Diterpenoid Alkaloids and One Lignan from the Roots of Aconitum pendulum Busch.[Pubmed:31728851]
Nat Prod Bioprospect. 2019 Dec;9(6):419-423.
Diterpenoid alkaloids have neroprotective activity. Herein, three Napelline-type diterpenoid alkaloids 1-3, two aconitine-type diterpenoid alkaloids 4-5, and one isoquinline-type alkaloid 6, as well as one lignan glycoside 7, have been isolated from the roots of Aconitum pendulum Busch. Compounds 1 and 7 were new compounds, and their chemical structures were determined on the basis of nuclear magnetic resonance (NMR) spectra and mass spectrometry analysis. A ThT assay revealed that compound 2 showed significant disaggregation potency on the Abeta(1-42) aggregates.

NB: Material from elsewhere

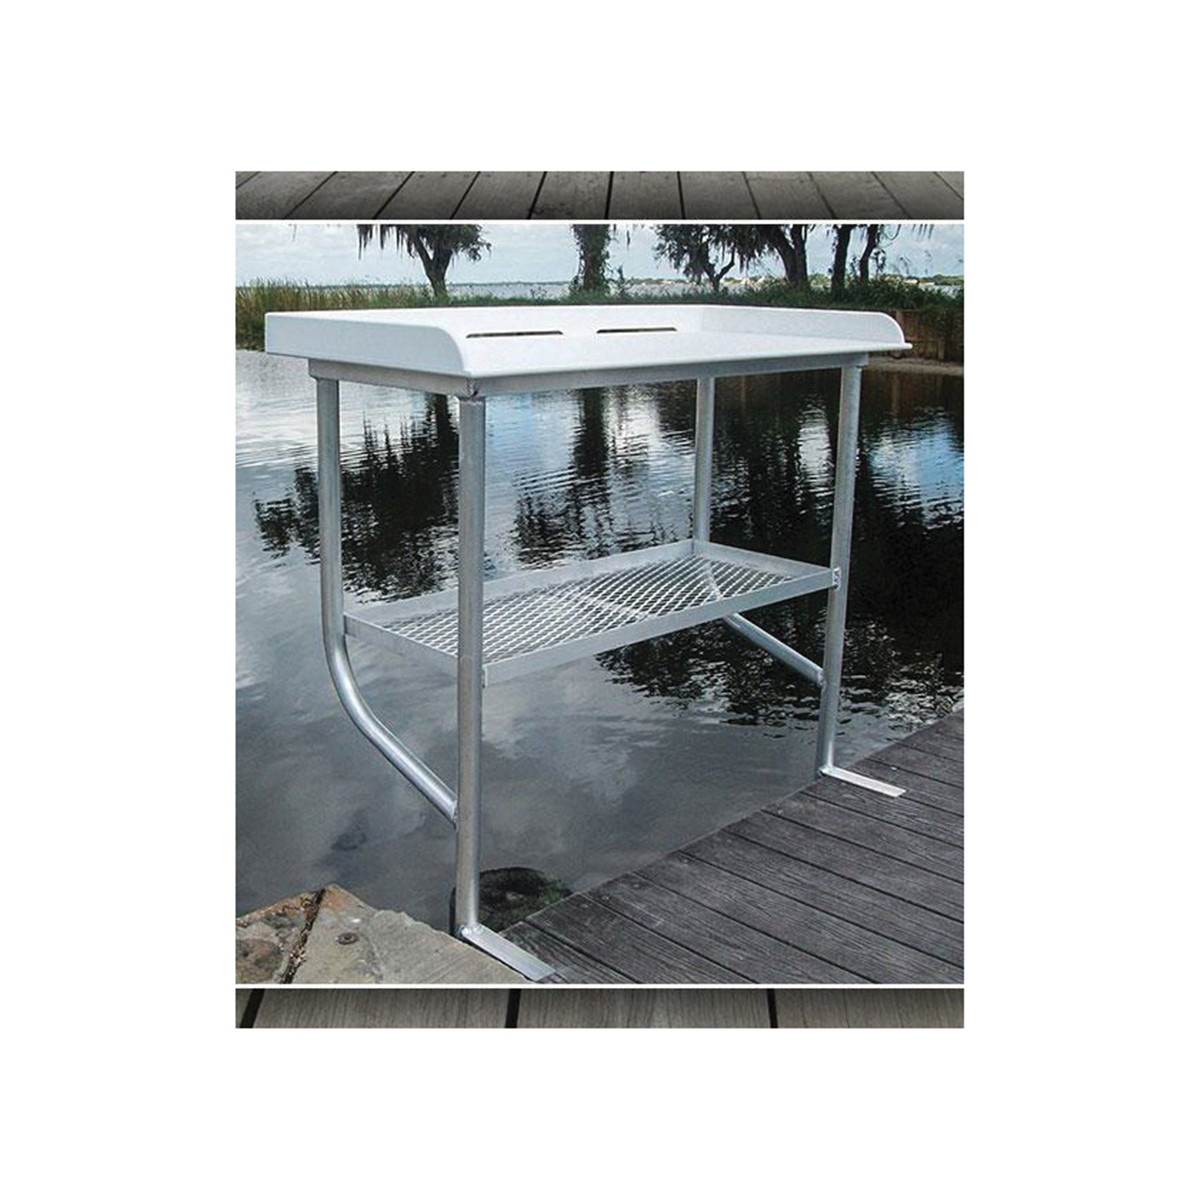 FISH4L3818 4-Legged Fish Cleaning Table, 18 in OAL, 38 in OAW, Aluminum/Polyethylene

In vivo screening of diterpene alkaloids using bdelloid rotifer assays.[Pubmed:29262708]
Acta Biol Hung. 2017 Dec;68(4):443-452.
The group of diterpene alkaloids contains numerous compounds with complex chemistry and diverse pharmacological activities. Beside toxicity, these compounds possess activity on the cardiovascular system, tumor cell lines and nervous system. The pharmacological properties have been described using in vitro and in vivo techniques; however, the bioactivities of many compounds have not thoroughly been studied. Here we report on the in vivo evaluation of ten diterpene alkaloids using bdelloid rotifer assays. Napelline exerted toxic effects on rotifers, while wide tolerance range was observed for other investigated compounds. Weak toxicity of songorine is supported by our experiment. Toxicological data for senbusine A, senbusine C, septentrioidine and hetisinone are reported for the first time.
A new denudatine type C(20)-diterpenoid alkaloid from Aconitum sinchiangense W. T. Wang.[Pubmed:29212360]
Nat Prod Res. 2018 Oct;32(19):2319-2324.
A new denudatine-type C(20)-diterpenoid alkaloid, designated as sinchianine (1), together with eight known diterpenoid alkaloids, 12-acetyl-12-epi-Napelline (2), 12-epi-Napelline (3), neoline (4), talatisamine (5), 14-O-acetylsenbusine A (6) and benzoylaconine (7), songorine (8) and aconitine (9), were isolated from the whole herb of Aconitum sinchiangense W. T. Wang. Their structures were elucidated on the basis of extensive spectroscopic analyses (NMR and HR-ESI-MS) and comparison with data reported in the literature.